Another long-standing GDS-developed tool, the GOV.UK Notify messaging platform, is also gaining new functionality and will soon include “the ability to add attachments and QR codes to letters, which will enable more government services to use the product to communicate to citizens”.
Dahl added that “product development is also important for our emerging products, like GOV.UK Forms” – a service which was unveiled last year to help non-technical staff design online services by embedding ready-made forms. The tool also aims to solve issues caused by the ongoing use of thousands of document-based forms that exclude users with disabilities and fail to comply with accessibility regulation.

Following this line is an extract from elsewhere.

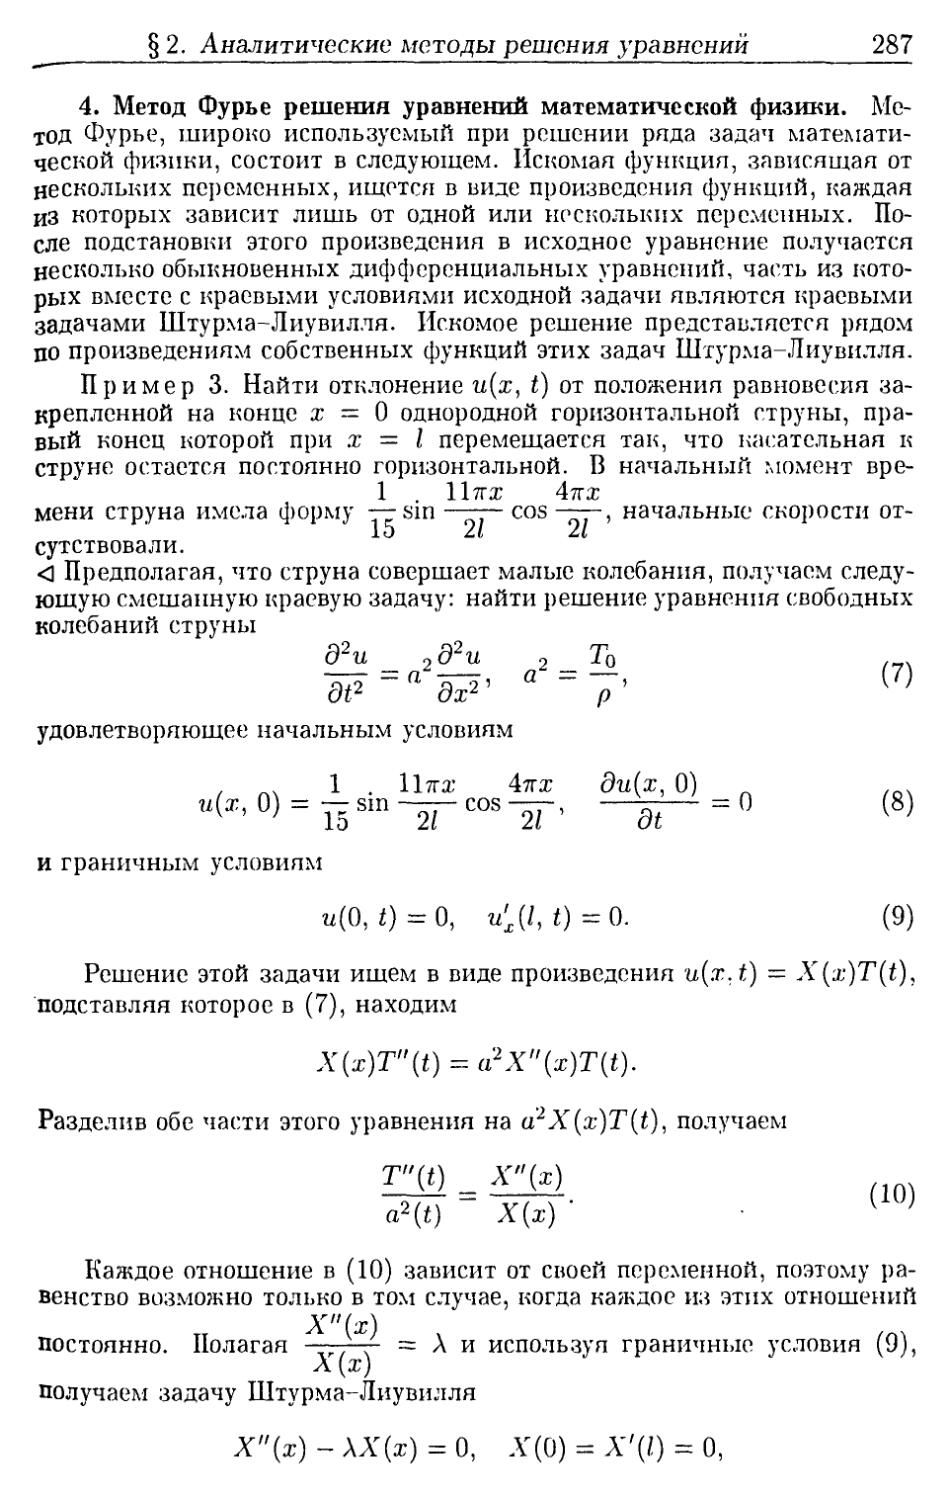 4. Метод Фурье решения уравнений математической физики

The Insolvency Service’s Redundancy Payments Service was the first digital tool to incorporate elements built using GOV.UK forms.
Dahl said that her team has “already made some great strides in transforming services, working in partnership with teams” from the Insolvency Service and others around government.
“We’re currently testing GOV.UK Forms with a limited number of other government teams to help us understand how the product is working and what issues we need to address before we make it more widely available,” she said. “DWP’s Access to Work Plus referral is one of the services now using GOV.UK Forms and provides support for people with high in-work support needs.”
Forms, Pay and Notify all form part of GDS’s suite of common platforms, which are intended to provide departments with customisable reusable tools to help design and embed in services.